This isn’t just a blogging phenomenon; you see it anywhere people interact digitally, message boards, chat rooms, MMORPG’s text messaging, etc.
The International Herald Tribune ran a story two days ago examining what causes people to react differently and say things online that they would never say to someone face to face, or even over the telephone.
Flaming has a technical name, the “online disinhibition effect,” which psychologists apply to the many ways people behave with less restraint in cyberspace.
Who knew?
In a 2004 article in the journal CyberPsychology & Behavior, John Suler, a psychologist at Rider University in Lawrenceville, New Jersey, suggested that several psychological factors lead to online disinhibition: the anonymity of a Web pseudonym; invisibility to others; the time lag between sending an e- mail message and getting feedback; the exaggerated sense of self from being alone; and the lack of any online authority figure. Dr. Suler notes that disinhibition can be either benign — when a shy person feels free to open up online — or toxic, as in flaming.
The emerging field of social neuroscience, the study of what goes on in the brains and bodies of two interacting people, offers clues into the neural mechanics behind flaming.
This work points to a design flaw inherent in the interface between the brain’s social circuitry and the online world. In face-to-face interaction, the brain reads a continual cascade of emotional signs and social cues, instantaneously using them to guide our next move so that the encounter goes well. Much of this social guidance occurs in circuitry centered on the orbitofrontal cortex, a center for empathy.

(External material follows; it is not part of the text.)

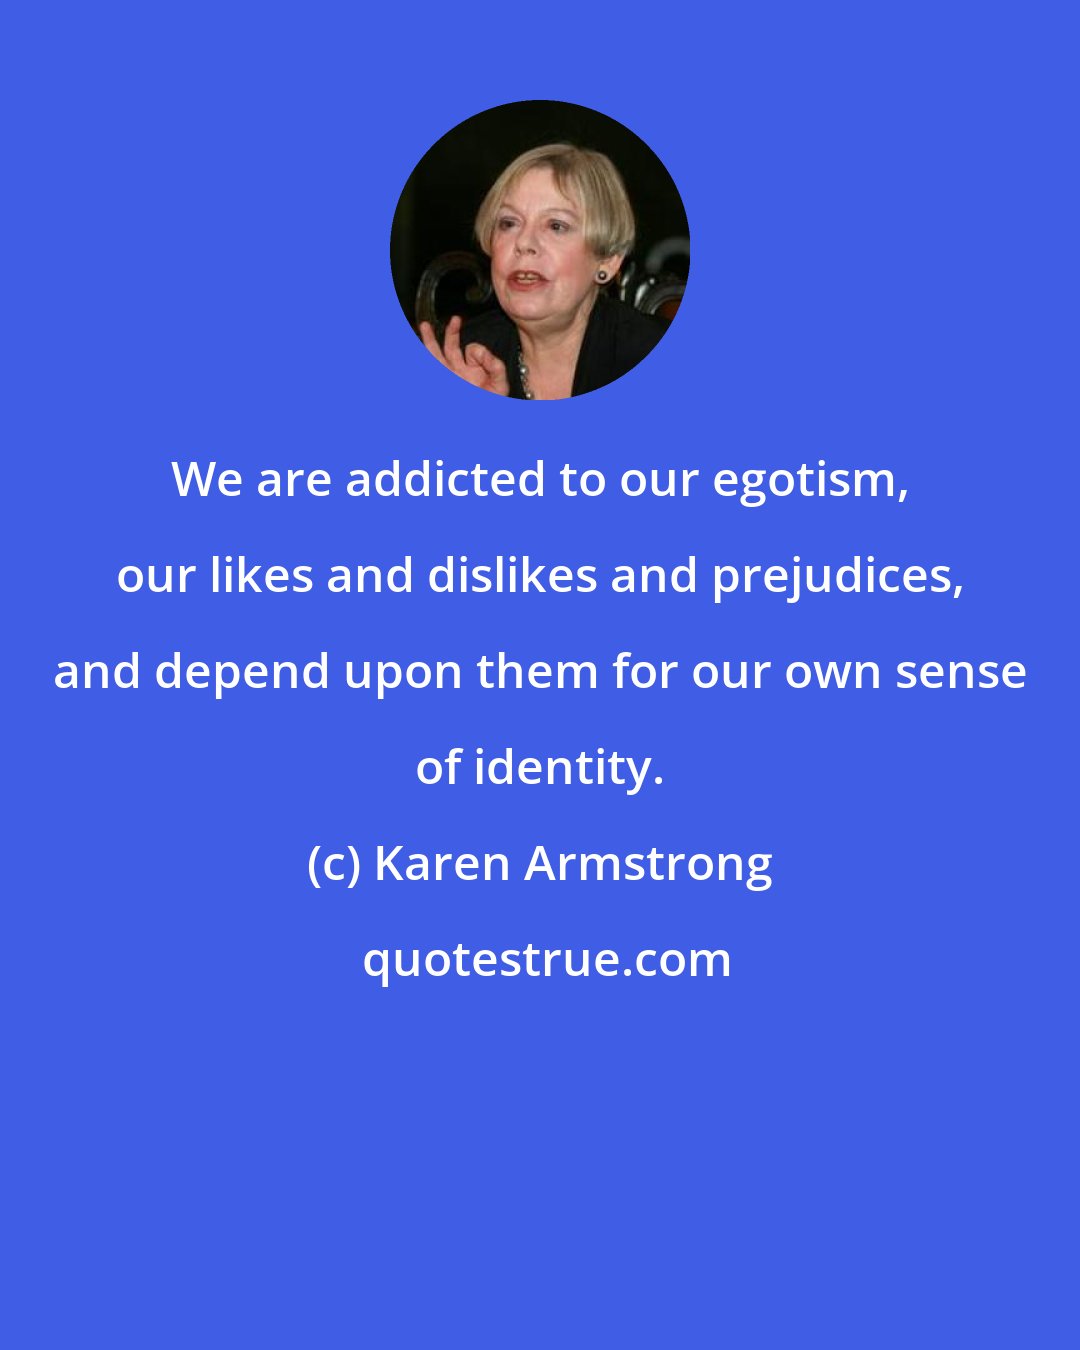 Karen Armstrong: We are addicted to our egotism, our likes and dislikes and prejudices, and depend upon them for our own sense of identity.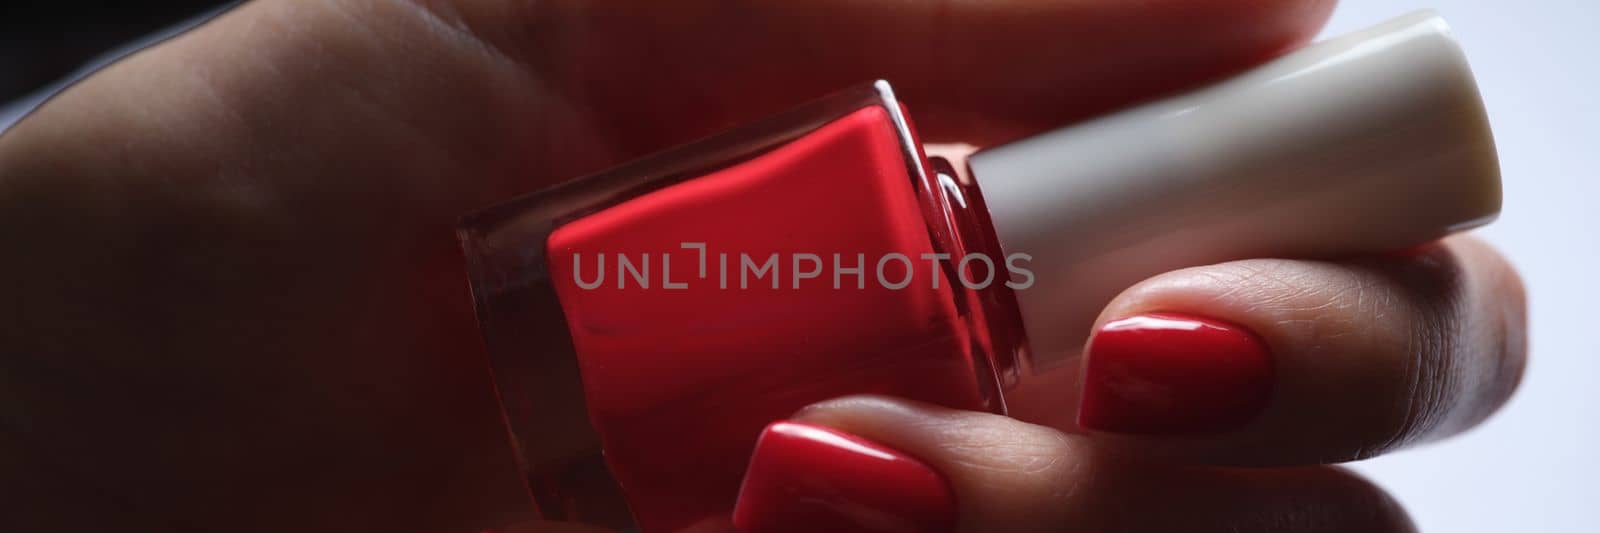 Hands with red manicure and bottle of nail polish. Beautiful stylish nails concept

This cortex uses that social scan to help make sure that what we do next will keep the interaction on track.
Socially artful responses emerge largely in the neural chatter between the orbitofrontal cortex and emotional centers like the amygdala that generate impulsivity. But the cortex needs social information — a change in tone of voice, say — to know how to select and channel our impulses. And in e-mail there are no channels for voice, facial expression or other cues from the person who will receive what we say.
And I thought it was just pencil necked geeks feeling free to flame people and act like jerk offs because they felt safe behind their computers.
Seriously though there must be some progression from face to face interaction, to telephone conversations, to a digital communication.
Ever notice some people will say things over the telephone that they would never say in person. Even still that rarely approaches some of the vile and down right mean things people will say and do online.
HT/ Techdirt (you have to read the comments under the post). Some funny stuff. Which raises another point, a really good flame is usually pretty funny.
Anyone have a particularly great flame or flame war to share?